Walther M, Simons P, Nass K, Röser A
Zentrum für Fuß- und Sprunggelenkchirurgie, Schön-Klinik München-Harlaching, Harlachingerstr. 51, 81547, München, Deutschland.
Oper Orthop Traumatol. 2011 Feb;23(1):52-9. doi: 10.1007/s00064-010-0006-6.
Treatment of hallux valgus in patients with a pathology of the first metatarsocuneiform (MC) joint by a fusion of the first MC fixed by a plantar plate. The plantar plate has biomechanical advantages and has good soft tissue coverage by the M. abductor hallucis.
Instability or degenerative arthritis of the first MC joint in patients with hallux valgus.
Short first metatarsal.
Bone-saving resection of the first MC joint. Arthrodesis using a compression screw and a plantar interlocking plate. Distal soft tissue procedure and resection of the exostosis.

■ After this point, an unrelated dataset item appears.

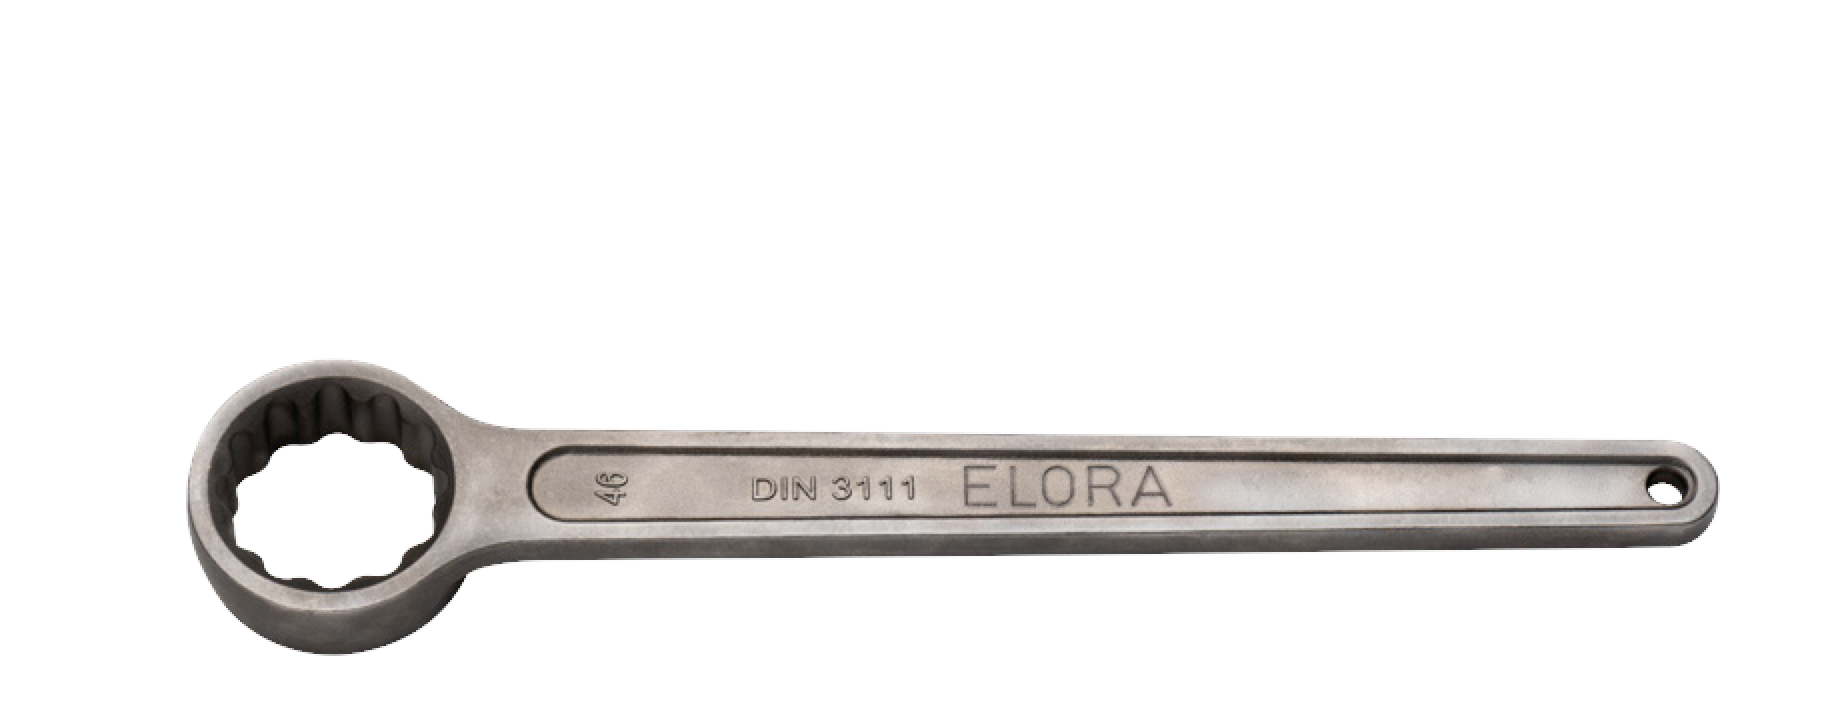 ELORA 88 Single Ring Ended Spanner 138-555mm (ELORA Tools) - Premium Single Ring Ended Spanner from ELORA - Shop now at Yew Aik.
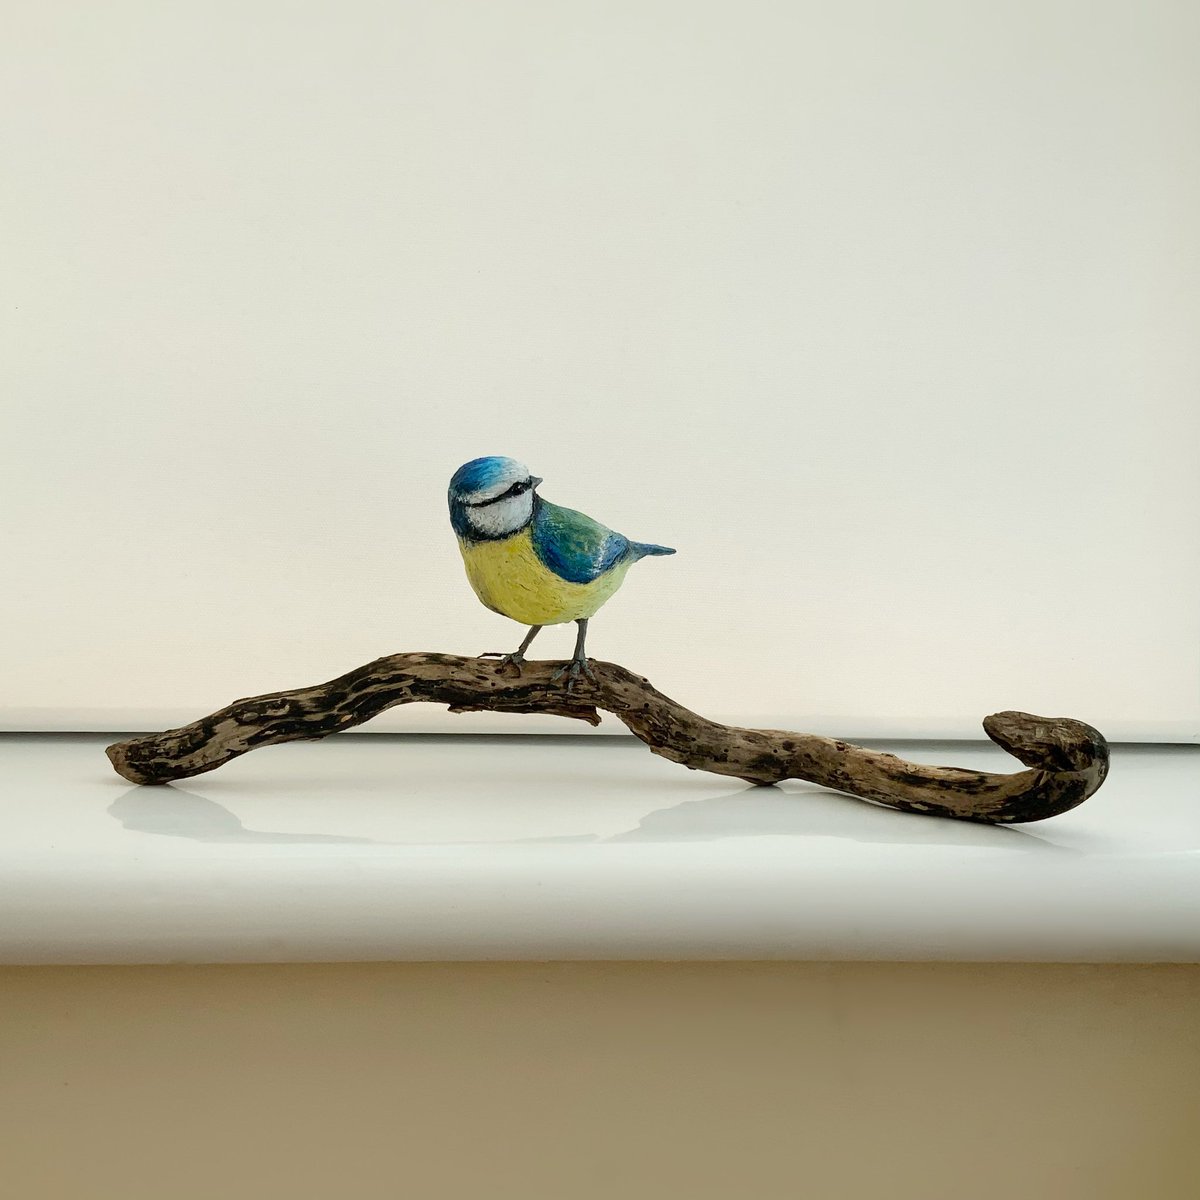 I painted him 😊 I think he’ll be sitting in amongst my paintings at Sir Hillier Gardens. June 15-28th #bluetit #britishbirds #birdsofinstagram #birdlover #sculptures #paintings #artexhibition @hilliergardens #artgallery

For 6 weeks, a long sole, post-operative shoe with weight bearing as pain allows. Mobilization of the first metatarsophalangeal joint when the wound healing is assured. Full weight bearing after 6-8 weeks in a normal shoe, when the bone healing is completed on the x-rays. No sports with high demands on the foot for 12 weeks. Orthotics only in cases with persisted pain or associated pathology.
In a case control study including 72 patients, a significantly lower rate of nonunion and soft tissue problems, compared to dorsal or medial plate positioning, was observed.